◆ Requirement: Every line below from the one with "Bispo do jogo" through the one with "An innovative panhandling solution" should be retyped exactly, both ends included; no other lines and no pictures.

◆ Material to process:

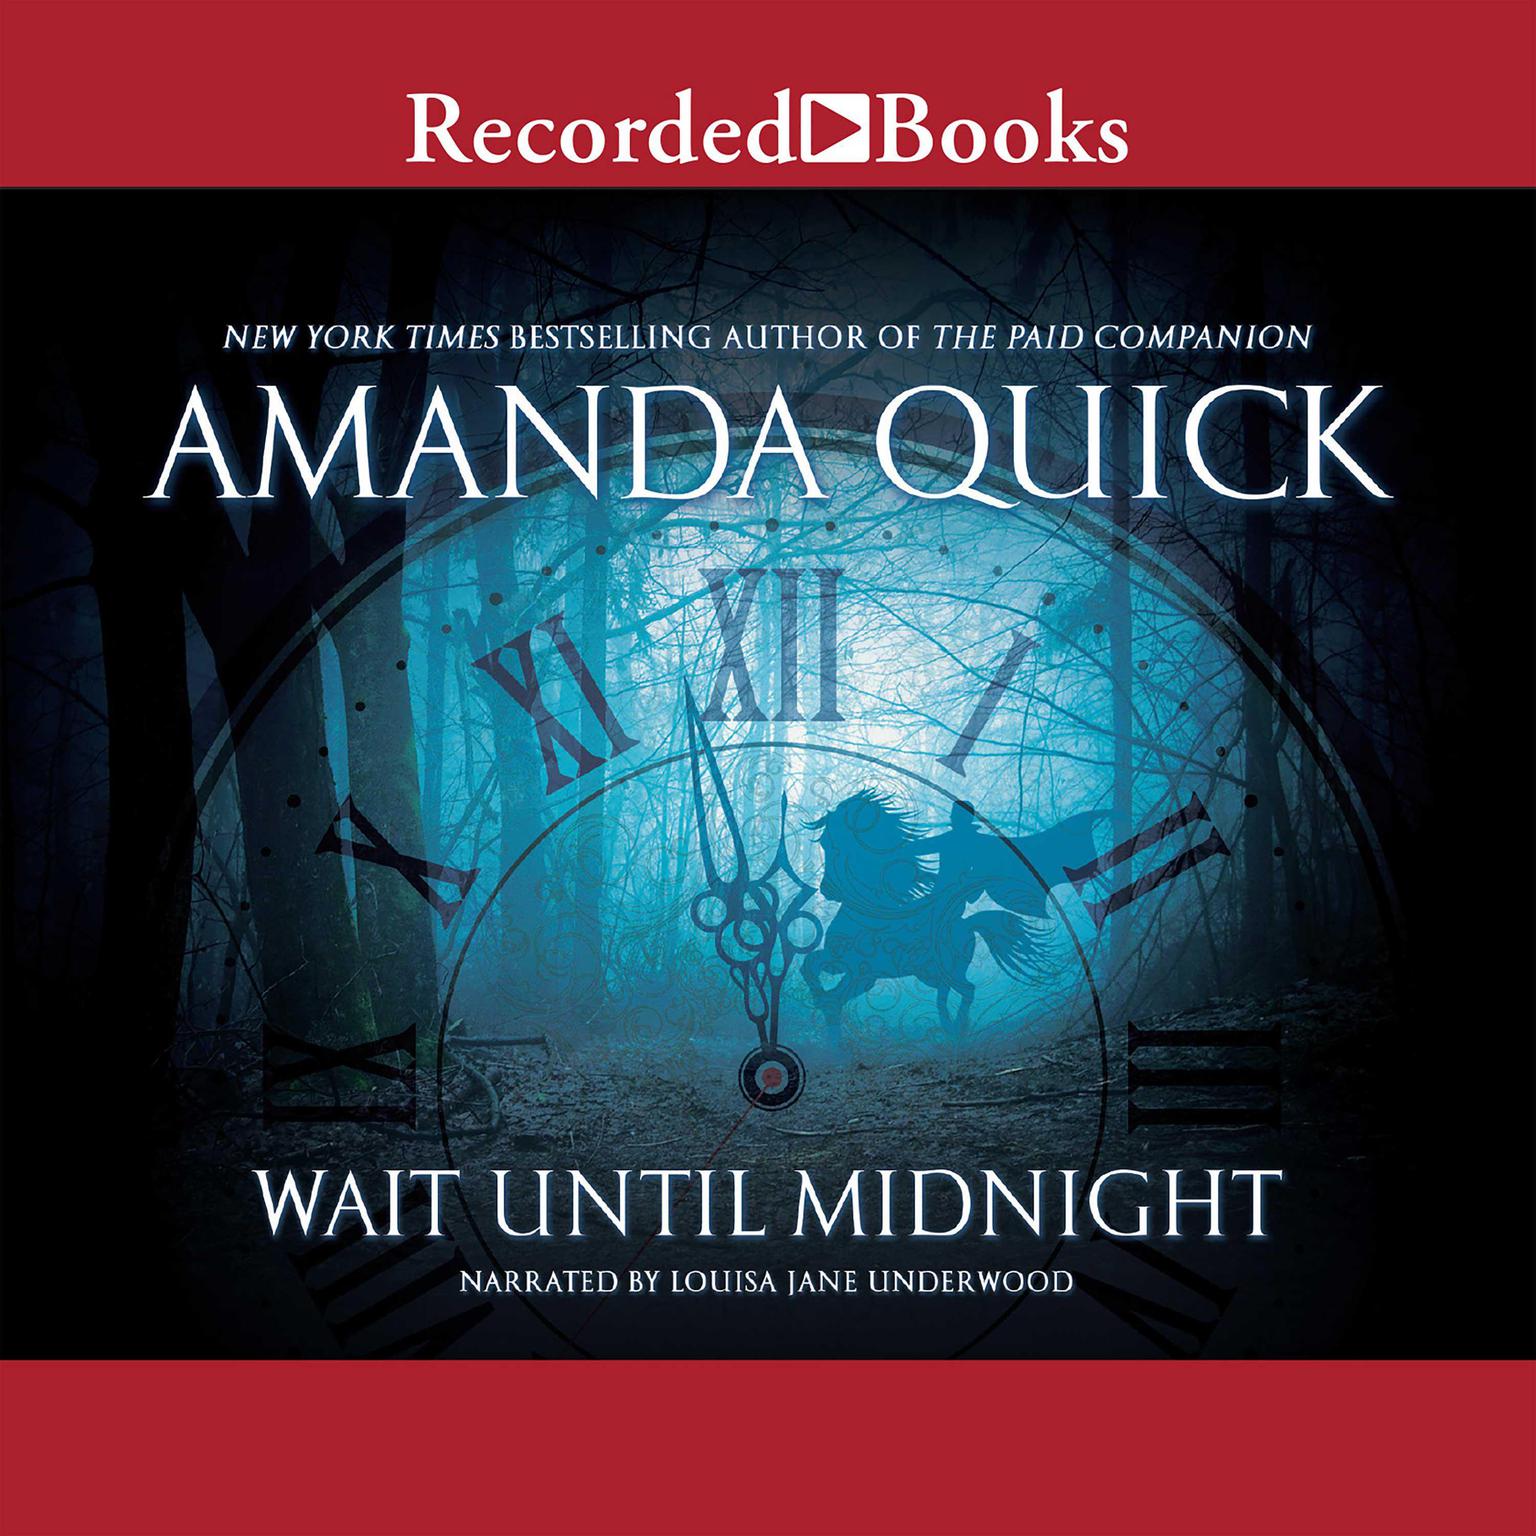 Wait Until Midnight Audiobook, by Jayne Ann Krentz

==

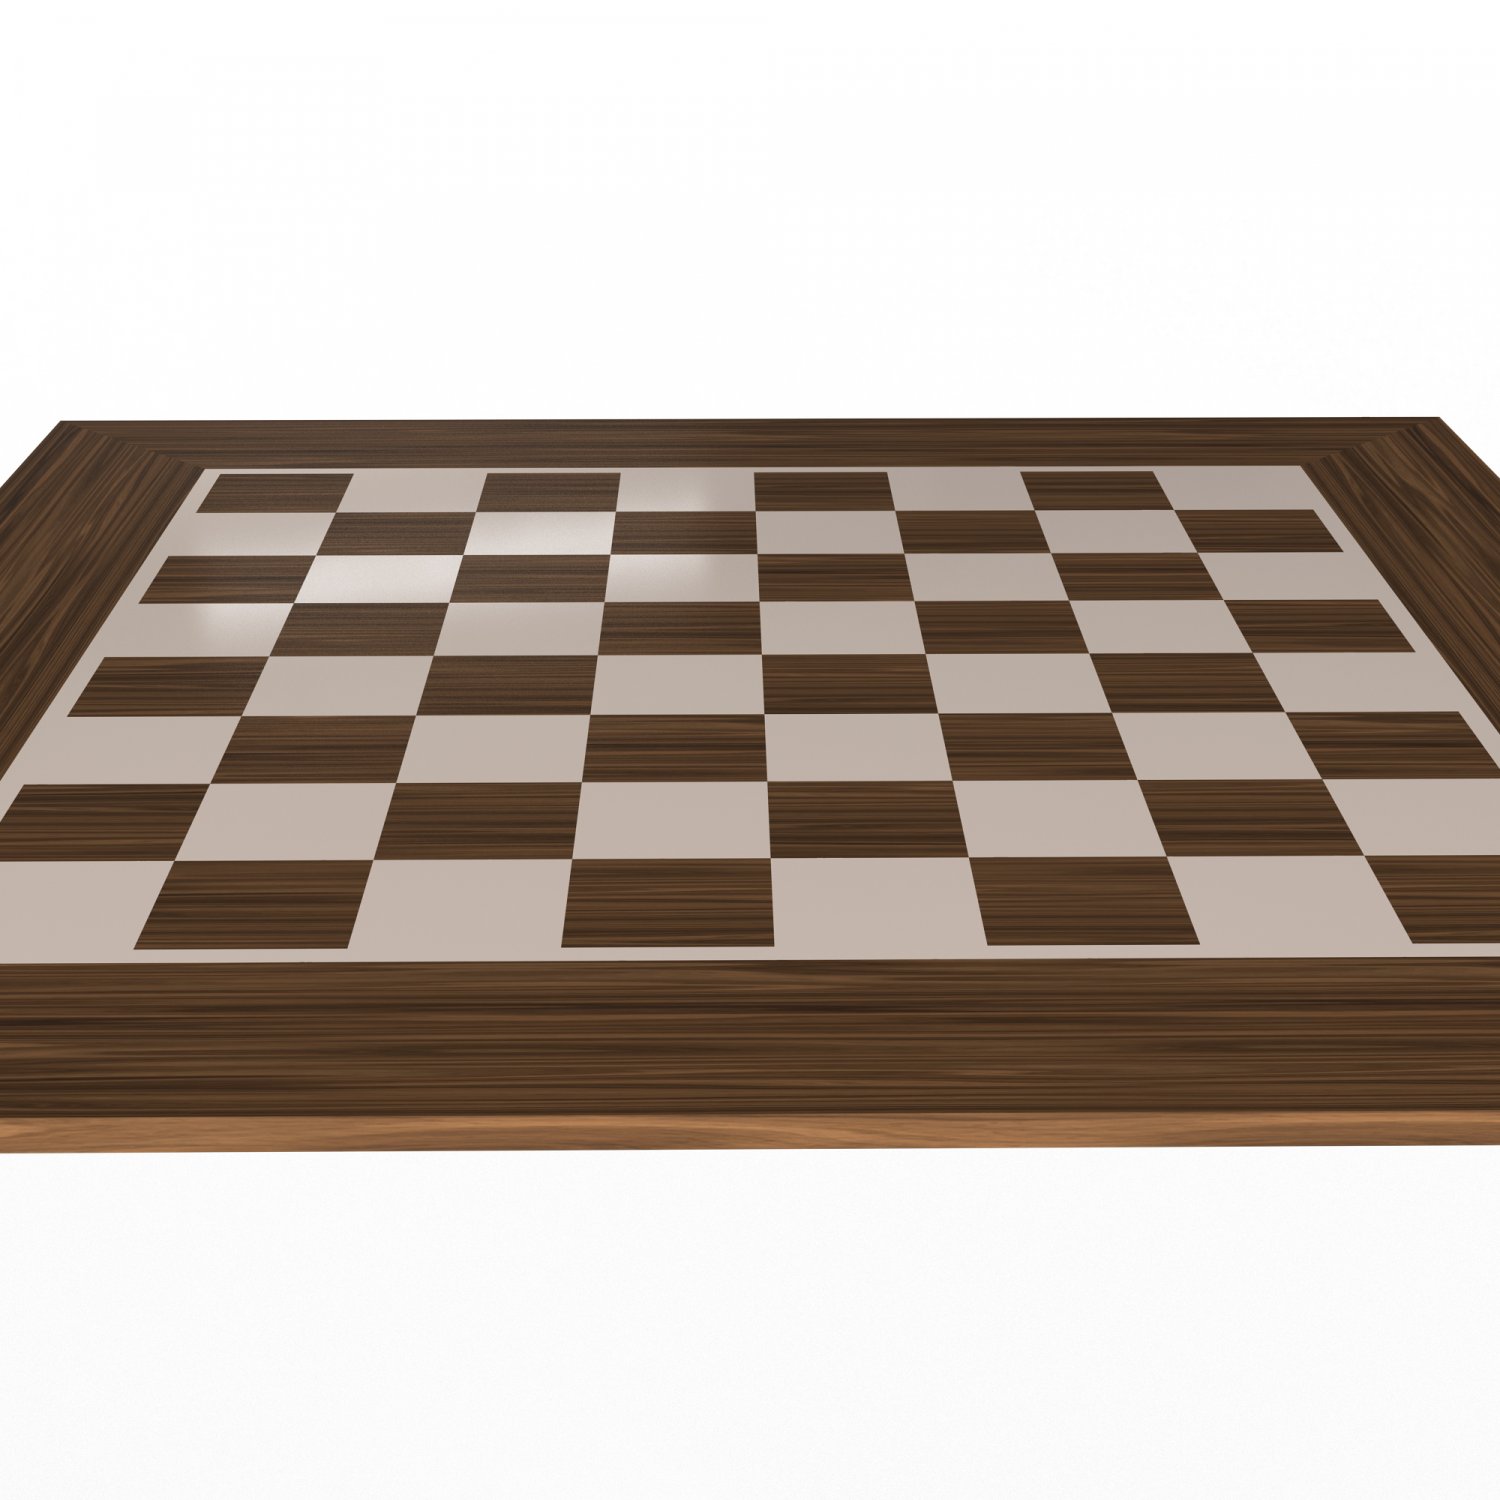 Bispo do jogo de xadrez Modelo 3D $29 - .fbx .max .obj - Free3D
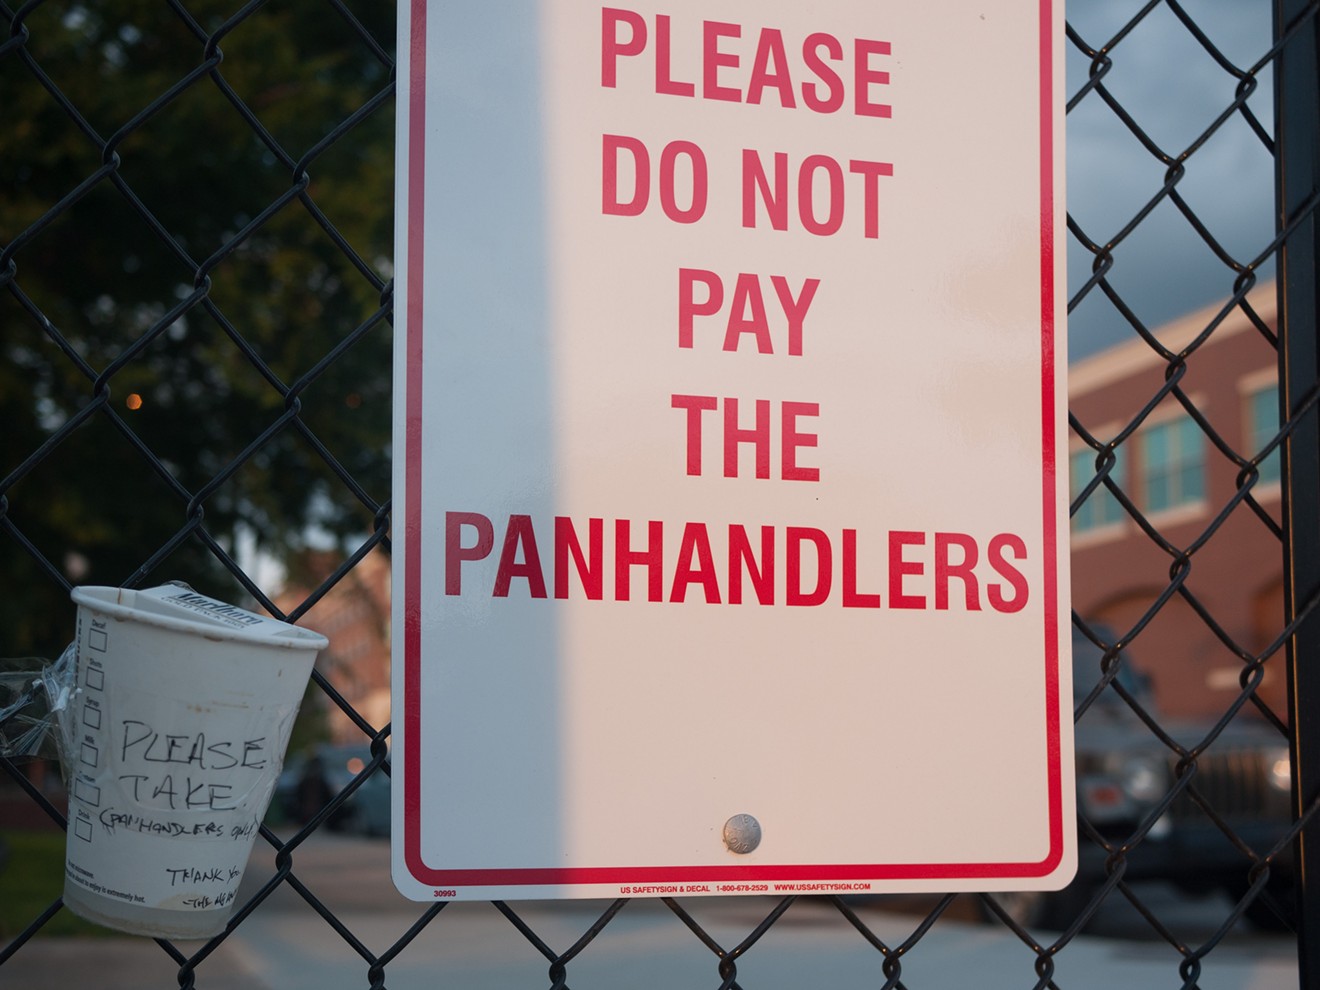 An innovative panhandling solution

--

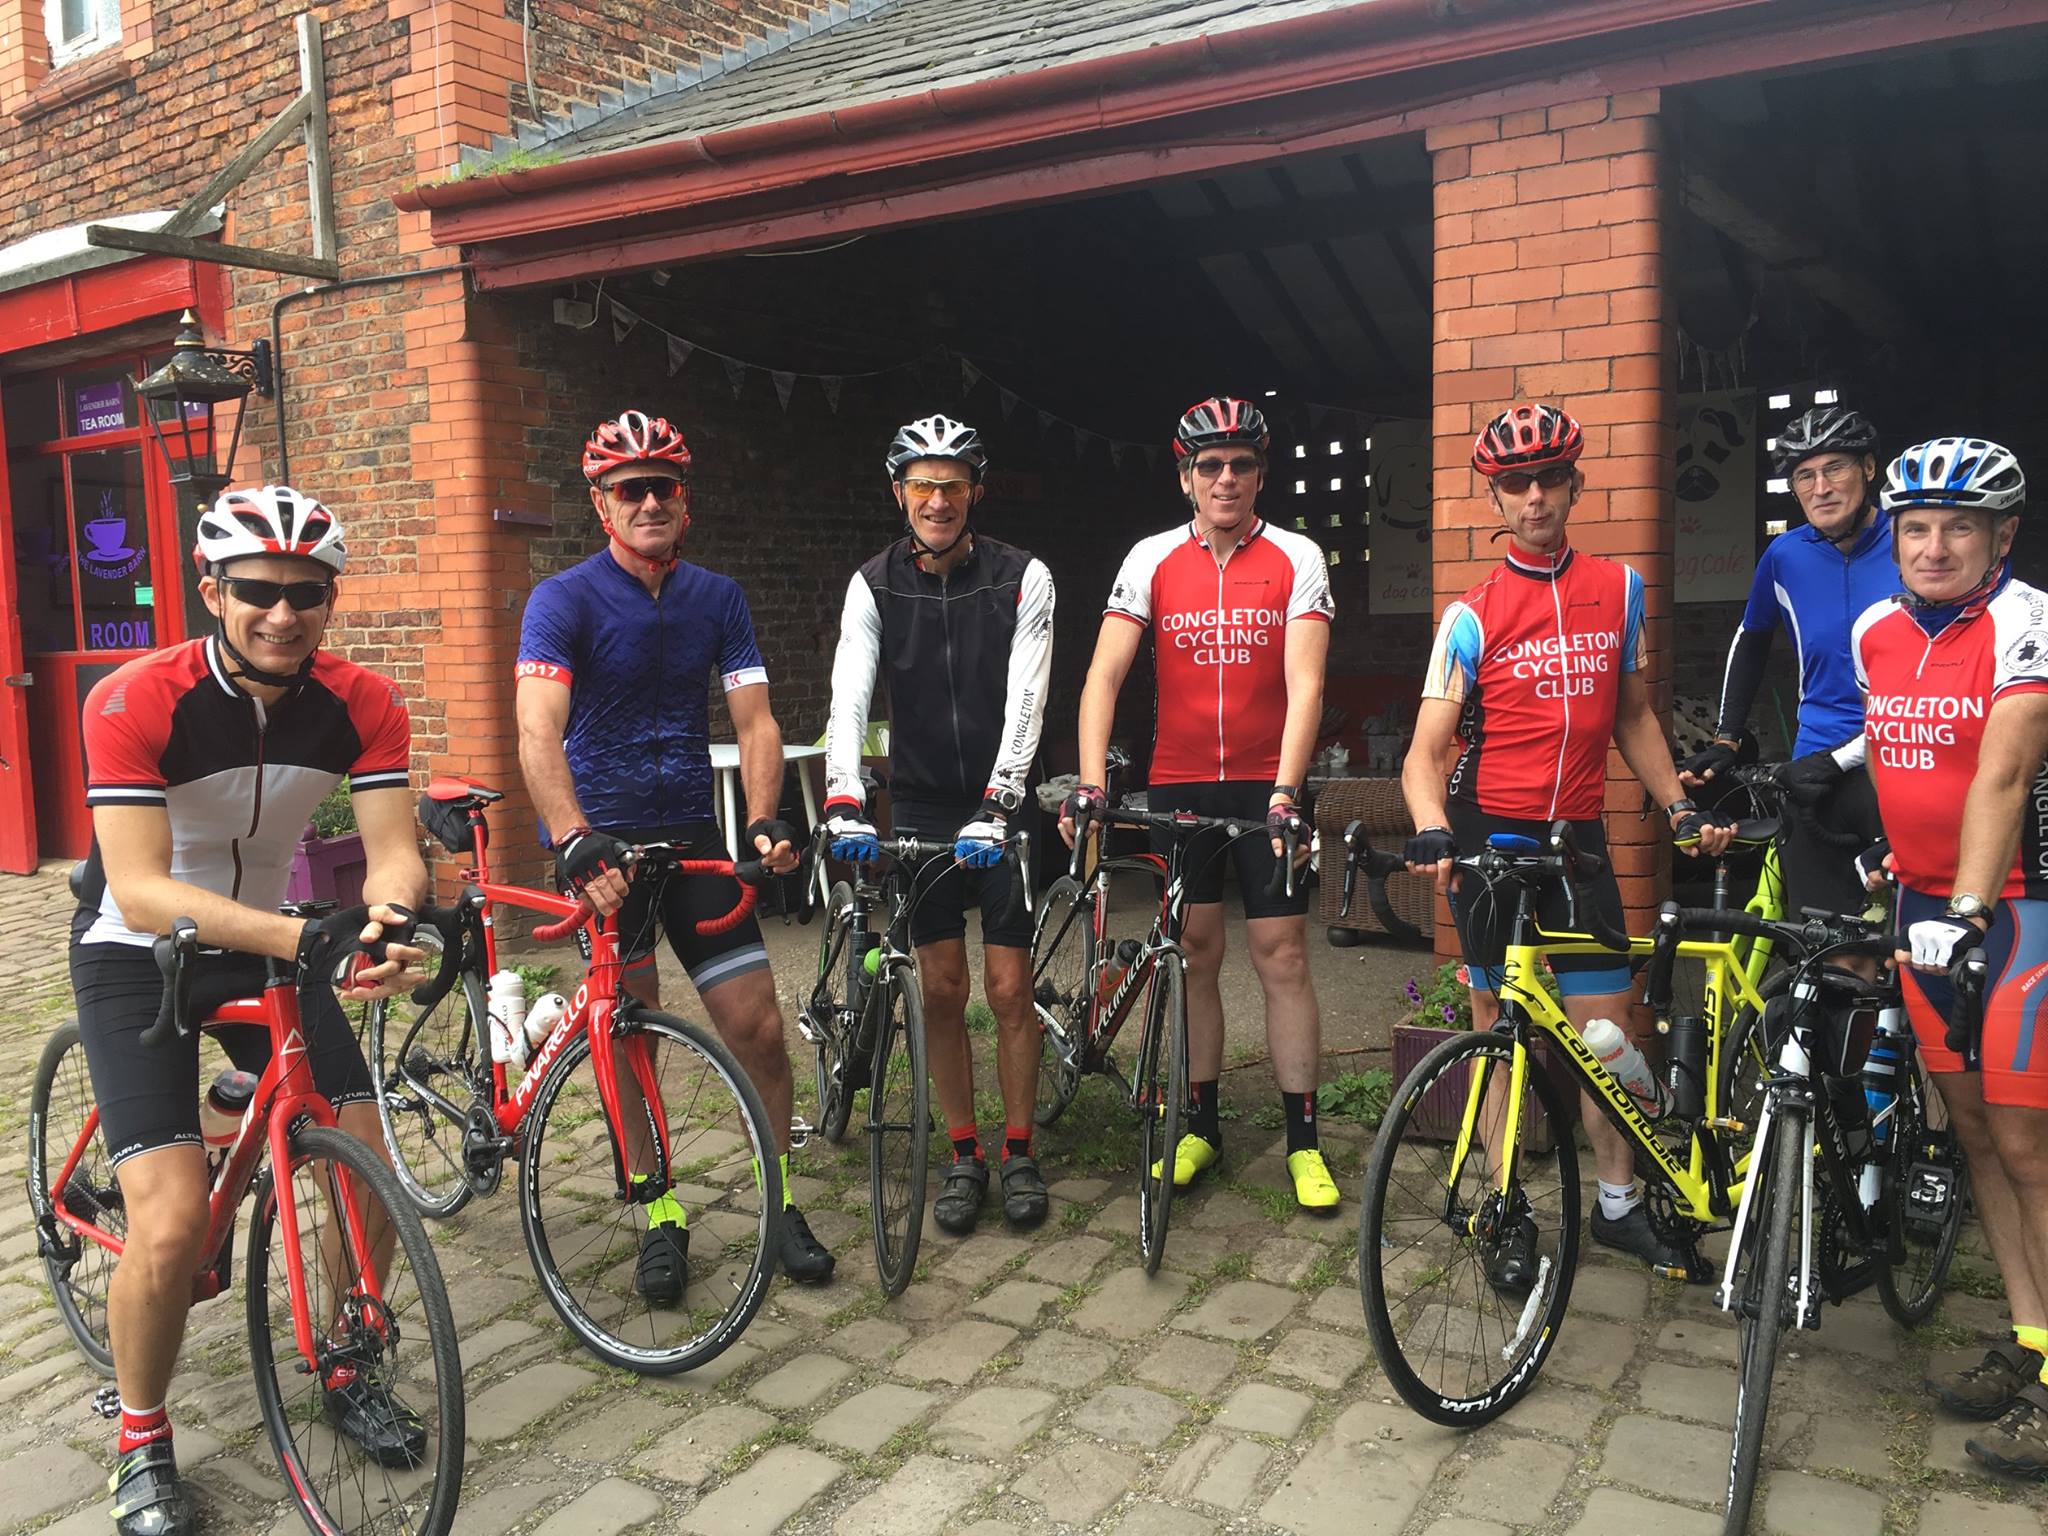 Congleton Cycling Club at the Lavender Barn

◆ Written response:
 Bispo do jogo de xadrez Modelo 3D $29 - .fbx .max .obj - Free3D
 An innovative panhandling solution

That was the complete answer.